Risk Ranking for Public Decision Making

Michael Batz

Resources for the Future

It is the goal of the Food Safety Research Consortium (FSRC) to move towards a food safety system built on science- and risk-based decision making. It is our goal to provide policy makers and stakeholders with the analytical tools necessary in such a system. As a first step, researchers at the University of Maryland School of Medicine (primarily, J. Glenn Morris Jr.) and Resources for the Future (primarily, Michael Taylor, Michael Batz, Alan Krupnick, Sandra Hoffmann) developed the Foodborne Illness Risk Ranking Model (FIRRM) to identify, quantify, and compare the public health impact of the most important microbiological food hazards.

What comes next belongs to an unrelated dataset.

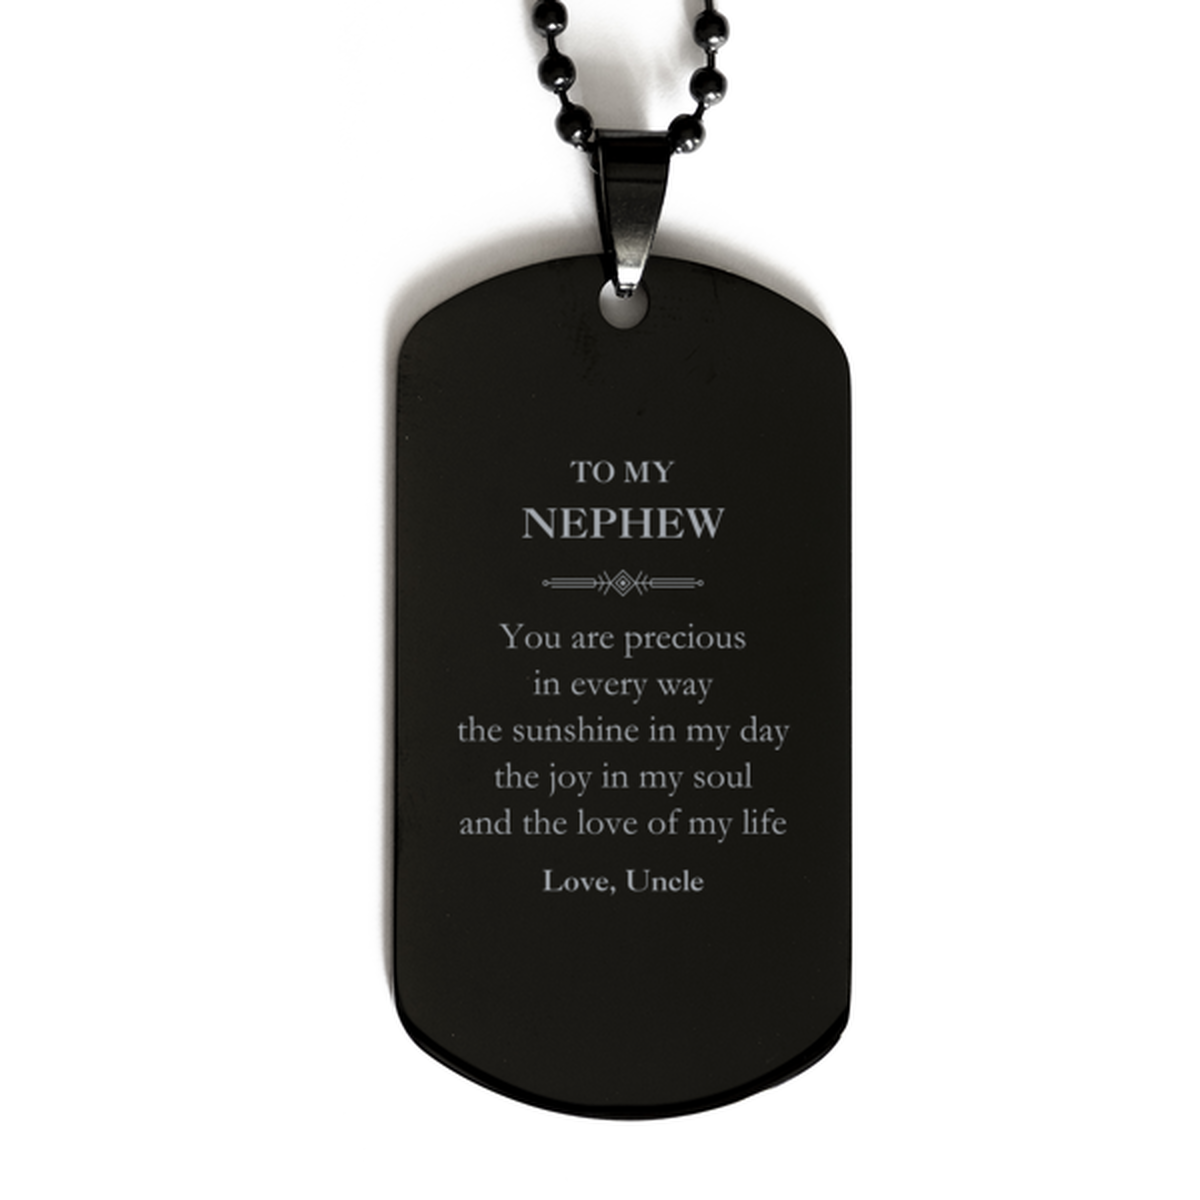 Graduation Gifts for Nephew Black Dog Tag Present from Uncle, Christmas Nephew Birthday Gifts Nephew You are precious in every way the sunshine in my day. Love, Uncle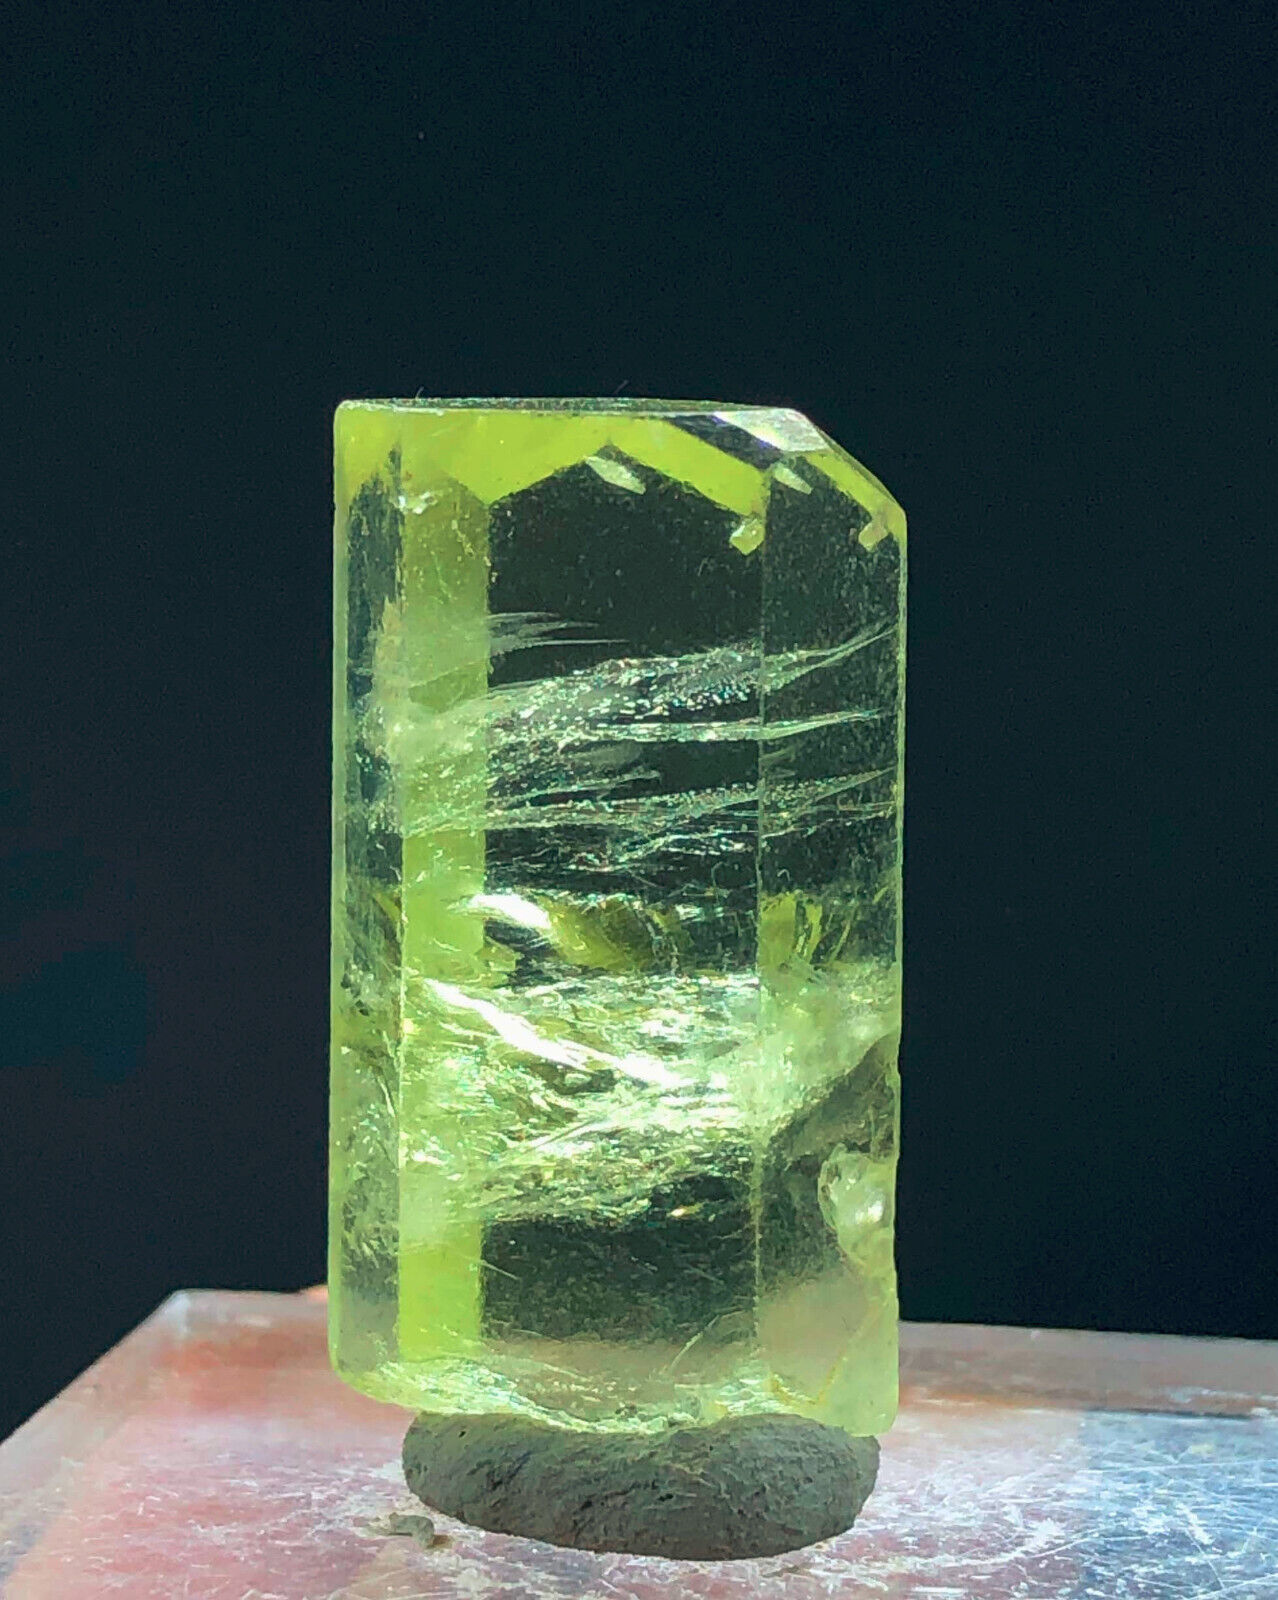 50 CTS Natural Transparent Yellow Color Heliodor Crystal From Skardu Pakistan

A "top down" Monte Carlo simulation model based on epidemiological approaches and data, FIRRM focuses on 28 foodborne pathogens and their pathways across a comprehensive range of food categories, and produces rankings of food-pathogen combinations. There are three modules in the model: 1) estimation of incidence of each pathogen based on public health surveillance data; 2) economic costs and loss of Quality Adjusted Life Years (QALYs) due to the symptoms, severities, medical treatments (physician visits, hospitalization), fatalities, recovery periods, and chronic sequelae associated with pathogen-specific illnesses; and 3) the attribution of illnesses from pathogens to food-pathogen combinations, based on outbreak data, expert elicitation, risk assessments, case-control studies, and other data. Resulting food-pathogen combinations can be ranked by five measures of public health impact: cases, hospitalizations, deaths, economic costs, and QALYs. Valuation is currently completed for only four pathogens (Salmonella, Campylobacter, E. coli O157:H7, and Listeria monocytogenes), although estimates for remaining FoodNet pathogens, Norovirus, and Toxoplasma are currently underway. The most critical data gap is in food attribution: outbreak data has problems that make it insufficient as a solitary source, and so we attempted to gather expert judgment and other data as alternatives and supplements. These data show large uncertainties in which foods are associated with illness.

Although current results from FIRRM are only preliminary, we are updating many data sources, addressing uncertainty issues attempting to fill data gaps, and developing a web interface. The second version of FIRRM should be completed in October 2006. The model was developed in Analytica, which has a graphical point-and-click user interface; it is likely not "easy to use" for new users, but the eventual web interface should simplify interaction and allow users to organize and save results. The second draft should provide robust rankings useful for broad policy decision-making, such as resource allocation decisions. It will likely only provide partial answers, however, as we still expect to encounter data quality issues.